BEGIN DATA SECTION
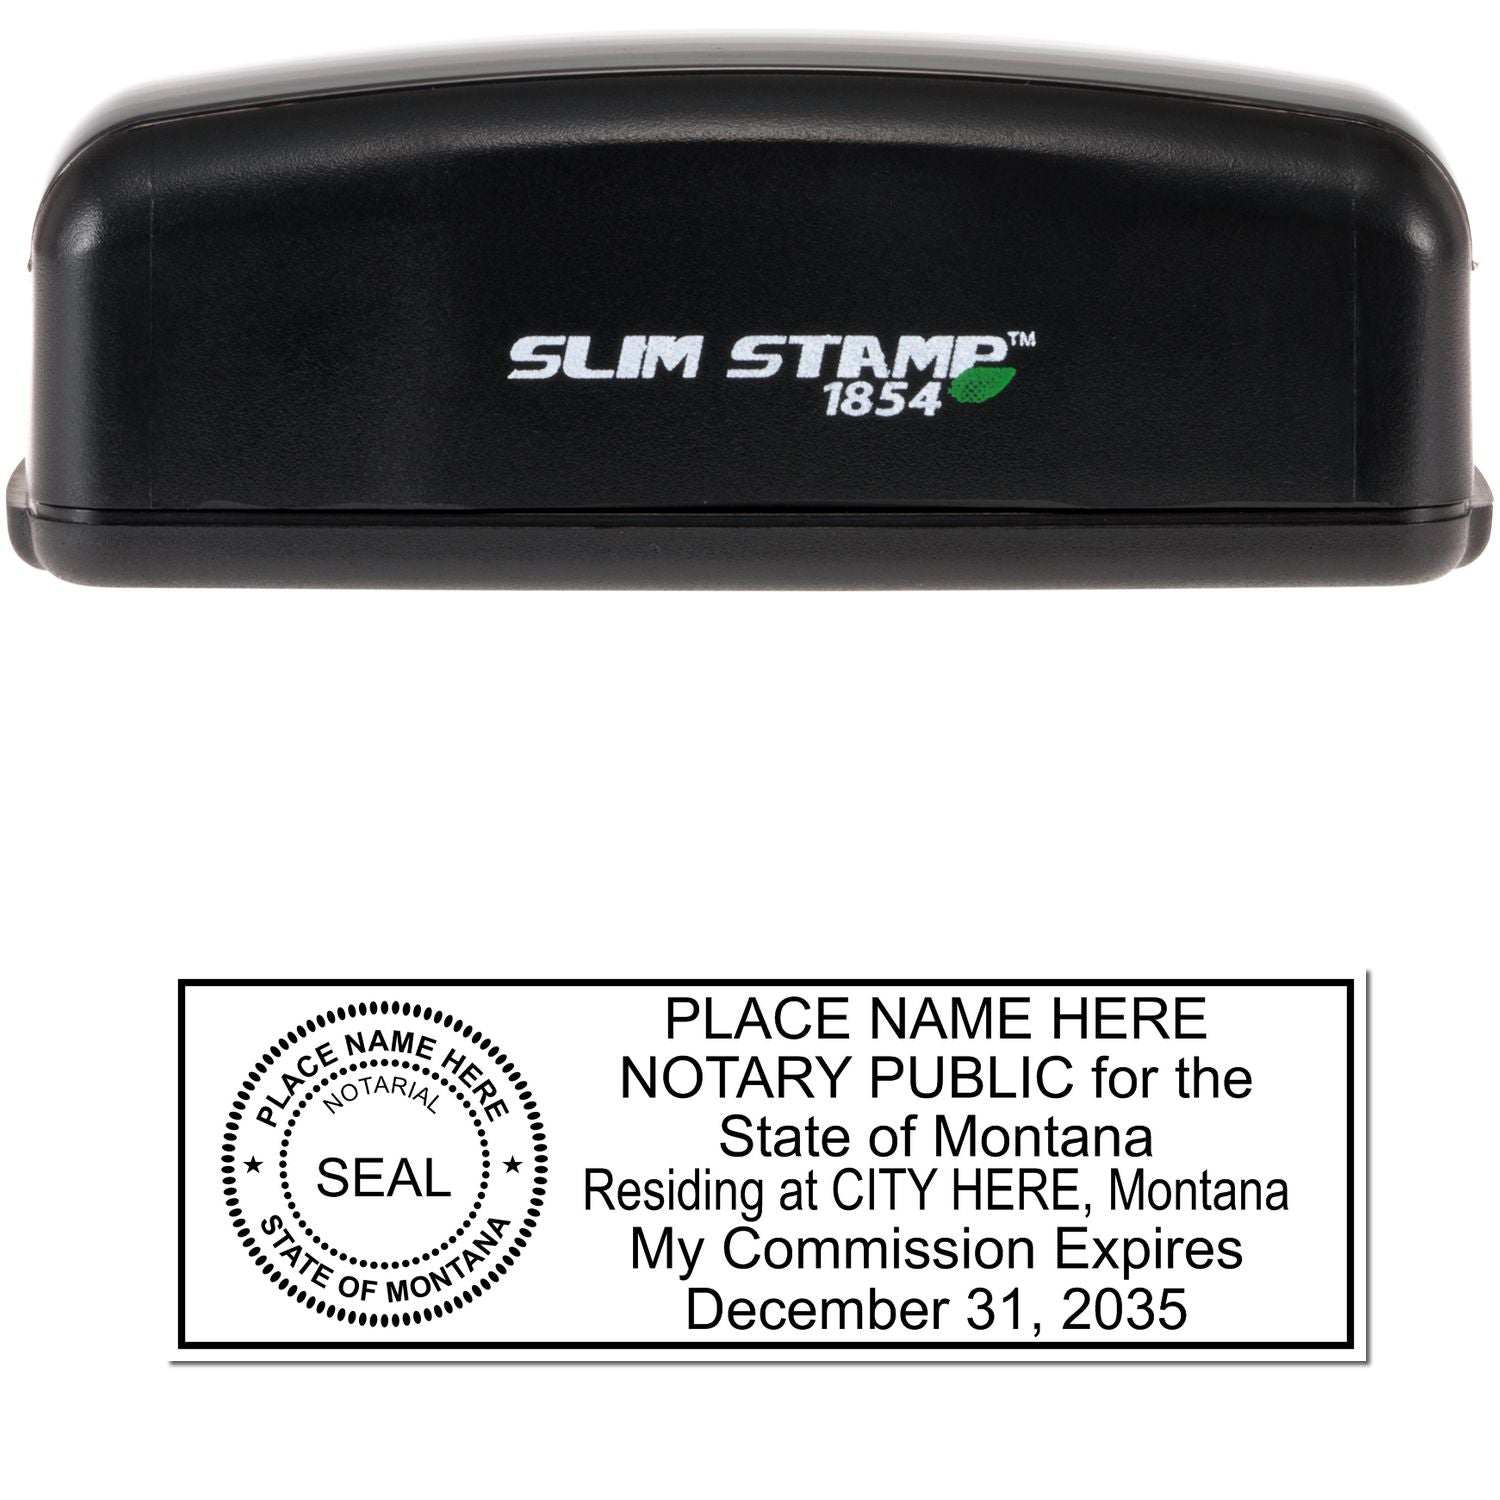 The main image for the Slim Pre-Inked State Seal Notary Stamp for Montana depicting a sample of the imprint and electronic files
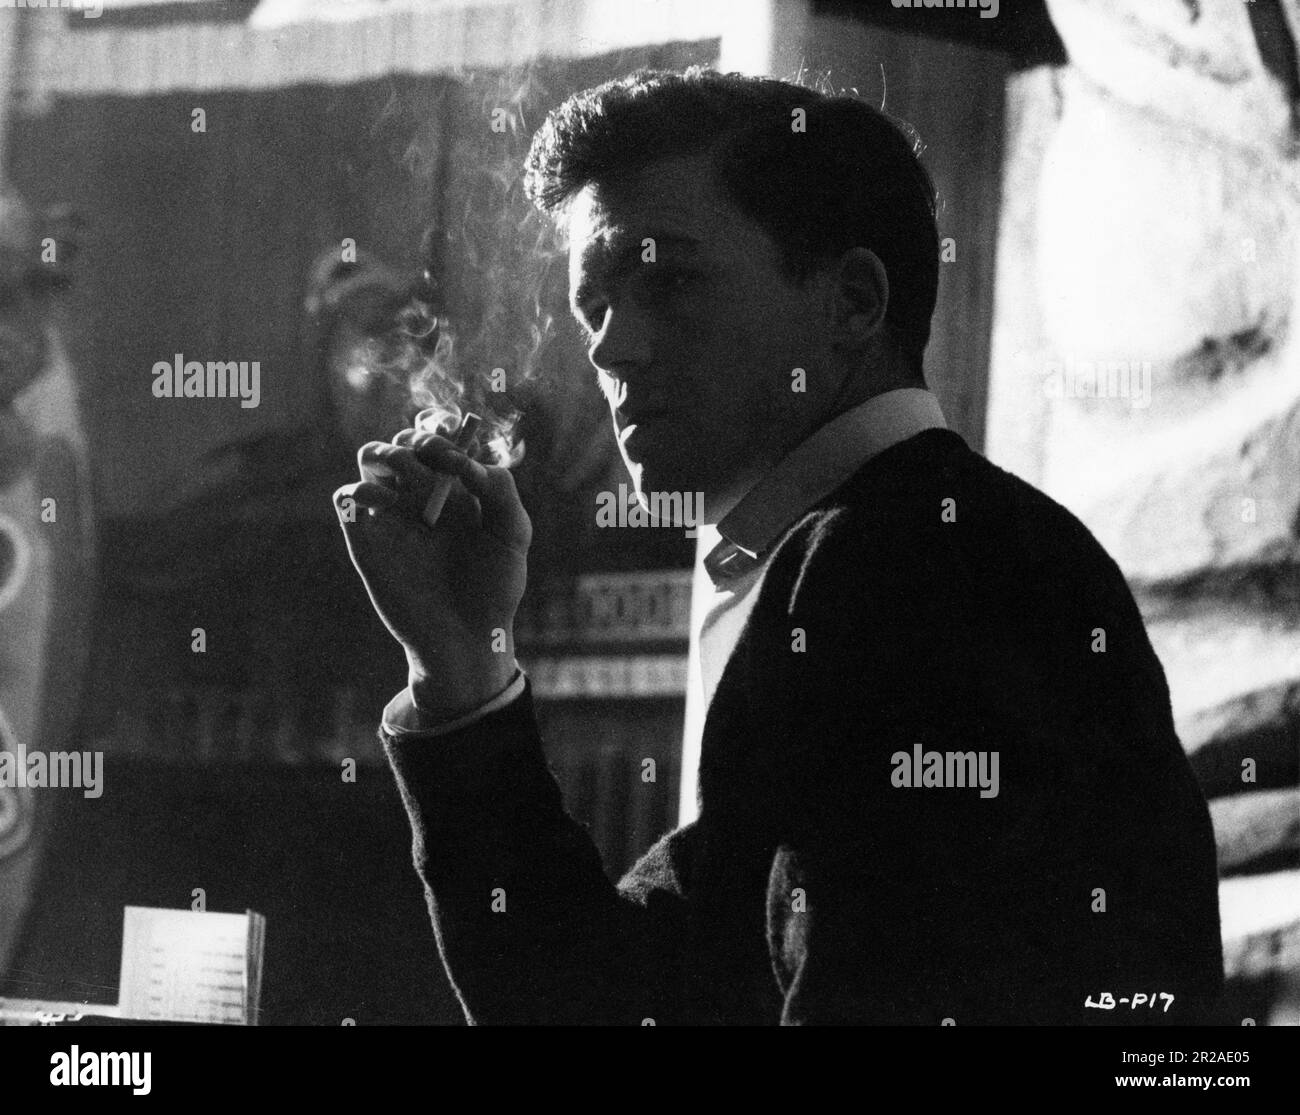 COLIN CAMPBELL in THE LEATHER BOYS 1964 director SIDNEY J. FURIE novel / screenplay Gillian Freeman Raymond Stross Productions / British Lion - Columbia Distributors (BLC) Stock Photo
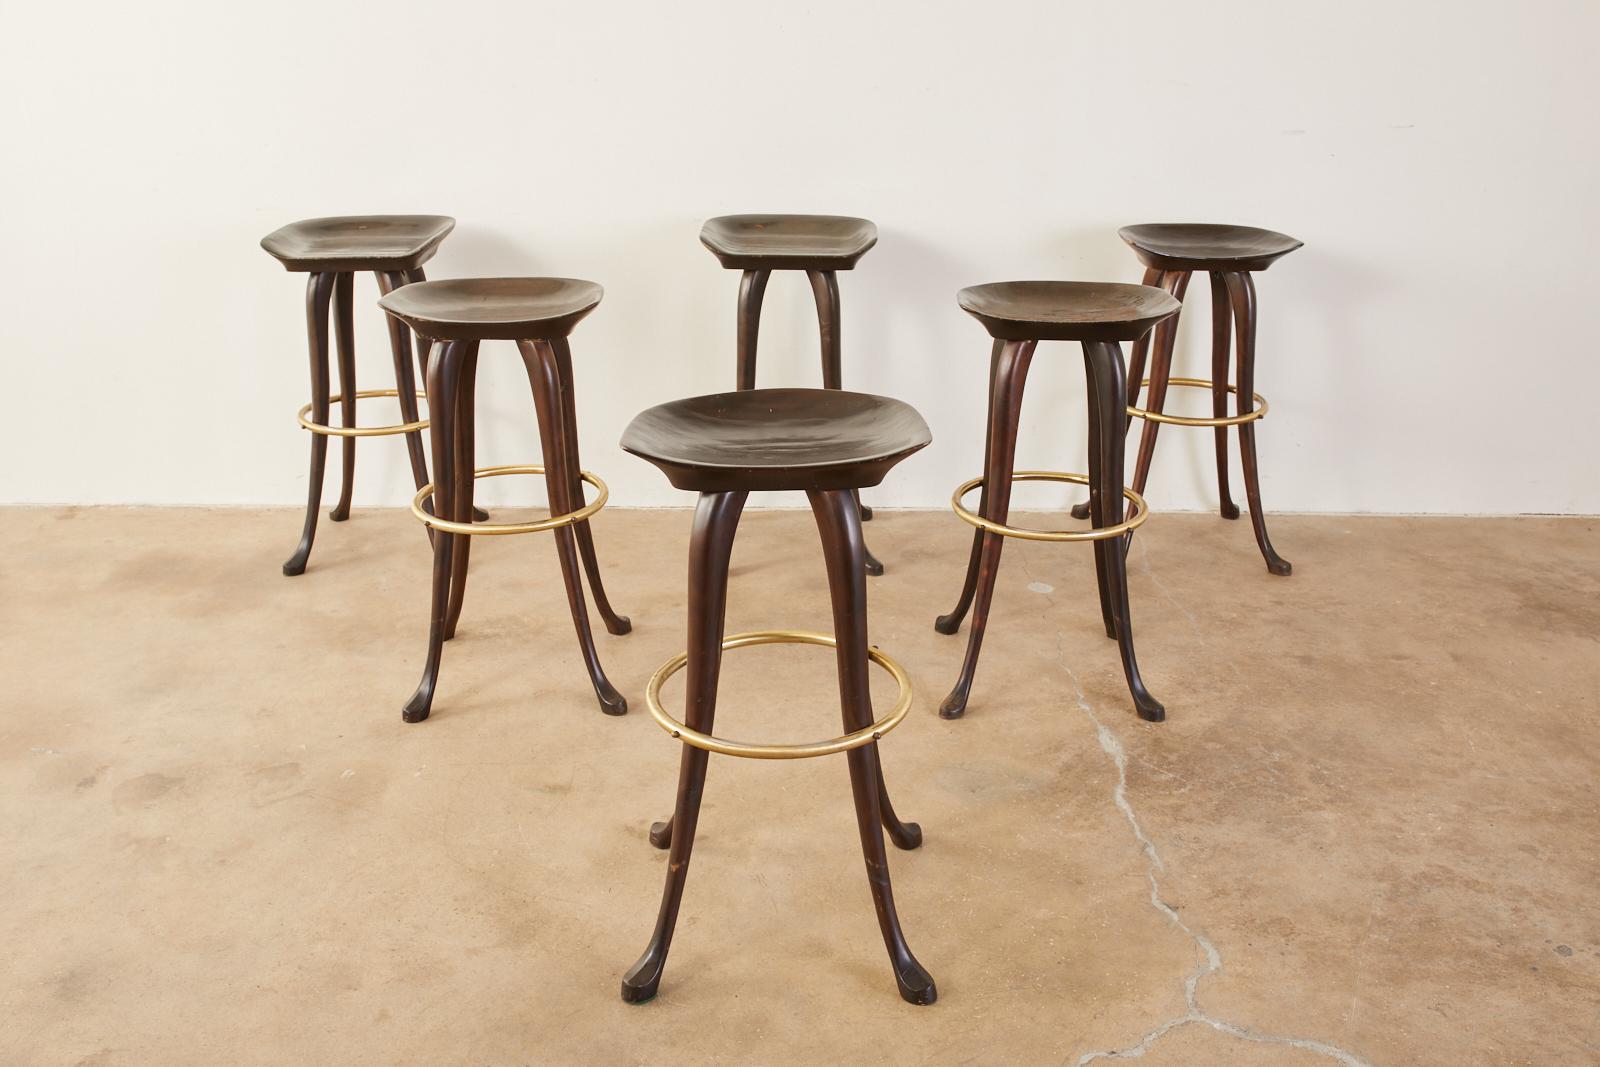 Rare set of six carved bar height stools handcrafted by Jean of Topanga California. The stools feature a carved saddle style seat supported by elegant, long legs ending with hoof style feet. The legs are conjoined by a brass toned ring stretcher
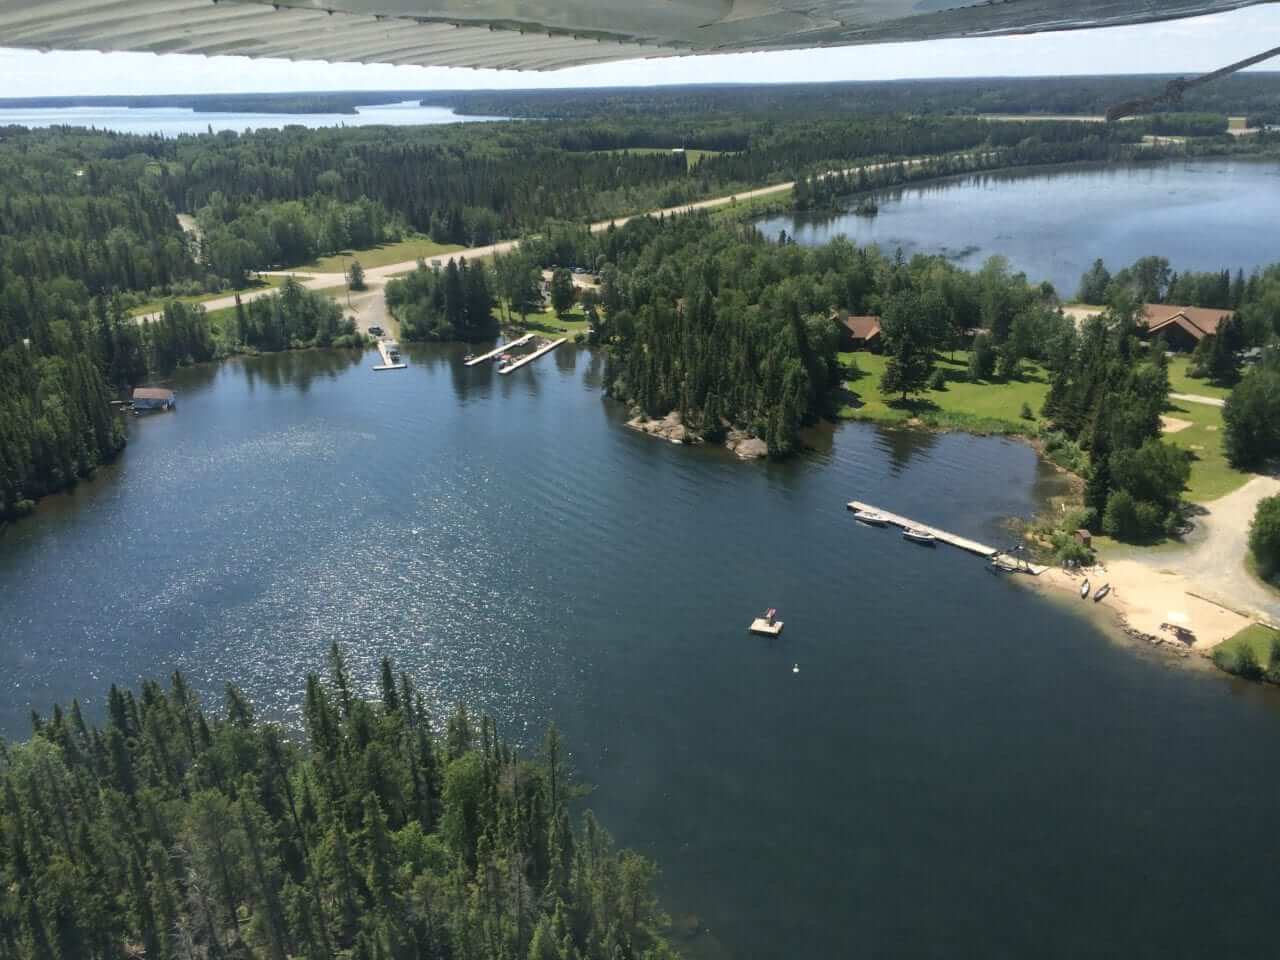 Bakers Narrows Lodge from the view of a floatplane.
END DATA SECTION
■ WHAT IS EXPECTED
Set down the data exactly as it appears, without any images.

■ EXERCISE RESPONSE
 The main image for the Slim Pre-Inked State Seal Notary Stamp for Montana depicting a sample of the imprint and electronic files
 COLIN CAMPBELL in THE LEATHER BOYS 1964 director SIDNEY J. FURIE novel / screenplay Gillian Freeman Raymond Stross Productions / British Lion - Columbia Distributors (BLC) Stock Photo
 Rare set of six carved bar height stools handcrafted by Jean of Topanga California. The stools feature a carved saddle style seat supported by elegant, long legs ending with hoof style feet. The legs are conjoined by a brass toned ring stretcher
 Bakers Narrows Lodge from the view of a floatplane.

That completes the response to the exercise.